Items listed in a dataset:
═══

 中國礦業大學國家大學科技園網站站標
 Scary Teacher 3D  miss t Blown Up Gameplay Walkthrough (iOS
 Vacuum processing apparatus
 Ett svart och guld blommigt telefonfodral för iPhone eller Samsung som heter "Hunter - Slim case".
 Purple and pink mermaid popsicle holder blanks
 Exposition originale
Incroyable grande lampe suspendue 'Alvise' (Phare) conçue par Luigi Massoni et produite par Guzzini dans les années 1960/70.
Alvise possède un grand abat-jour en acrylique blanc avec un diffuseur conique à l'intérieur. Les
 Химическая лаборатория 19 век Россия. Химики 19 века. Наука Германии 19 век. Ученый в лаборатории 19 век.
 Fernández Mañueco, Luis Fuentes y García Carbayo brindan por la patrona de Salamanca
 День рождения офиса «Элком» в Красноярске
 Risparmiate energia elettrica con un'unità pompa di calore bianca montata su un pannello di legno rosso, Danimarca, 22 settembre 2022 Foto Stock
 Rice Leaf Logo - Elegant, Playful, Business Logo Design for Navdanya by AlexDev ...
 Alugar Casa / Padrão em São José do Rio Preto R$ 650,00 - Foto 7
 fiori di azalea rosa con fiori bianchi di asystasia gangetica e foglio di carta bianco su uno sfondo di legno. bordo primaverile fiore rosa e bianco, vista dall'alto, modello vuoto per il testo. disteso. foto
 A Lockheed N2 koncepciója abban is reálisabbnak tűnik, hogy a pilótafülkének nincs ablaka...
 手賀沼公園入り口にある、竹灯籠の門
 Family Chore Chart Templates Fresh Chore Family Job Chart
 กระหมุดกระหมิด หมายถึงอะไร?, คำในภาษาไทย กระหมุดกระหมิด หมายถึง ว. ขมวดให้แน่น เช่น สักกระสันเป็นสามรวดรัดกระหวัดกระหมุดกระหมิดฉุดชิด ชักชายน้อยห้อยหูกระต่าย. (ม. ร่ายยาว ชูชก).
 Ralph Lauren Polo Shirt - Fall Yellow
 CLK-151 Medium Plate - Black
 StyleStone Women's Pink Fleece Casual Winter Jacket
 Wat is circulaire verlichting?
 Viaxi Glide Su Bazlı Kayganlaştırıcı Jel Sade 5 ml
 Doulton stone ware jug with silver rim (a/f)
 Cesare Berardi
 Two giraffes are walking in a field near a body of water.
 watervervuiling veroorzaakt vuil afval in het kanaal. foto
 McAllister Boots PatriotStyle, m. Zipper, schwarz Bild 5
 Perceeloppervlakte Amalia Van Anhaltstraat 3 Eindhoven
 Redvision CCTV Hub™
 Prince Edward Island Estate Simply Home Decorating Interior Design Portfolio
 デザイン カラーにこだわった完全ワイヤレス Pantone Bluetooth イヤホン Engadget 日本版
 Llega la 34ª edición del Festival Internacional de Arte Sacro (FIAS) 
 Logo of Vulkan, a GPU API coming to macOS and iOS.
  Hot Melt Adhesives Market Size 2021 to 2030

═══

-- TASK TO COMPLETE --
Pick out every line above that contains the word "Design" and copy it.

-- WRITTEN SOLUTION --
 Rice Leaf Logo - Elegant, Playful, Business Logo Design for Navdanya by AlexDev ...
 Prince Edward Island Estate Simply Home Decorating Interior Design Portfolio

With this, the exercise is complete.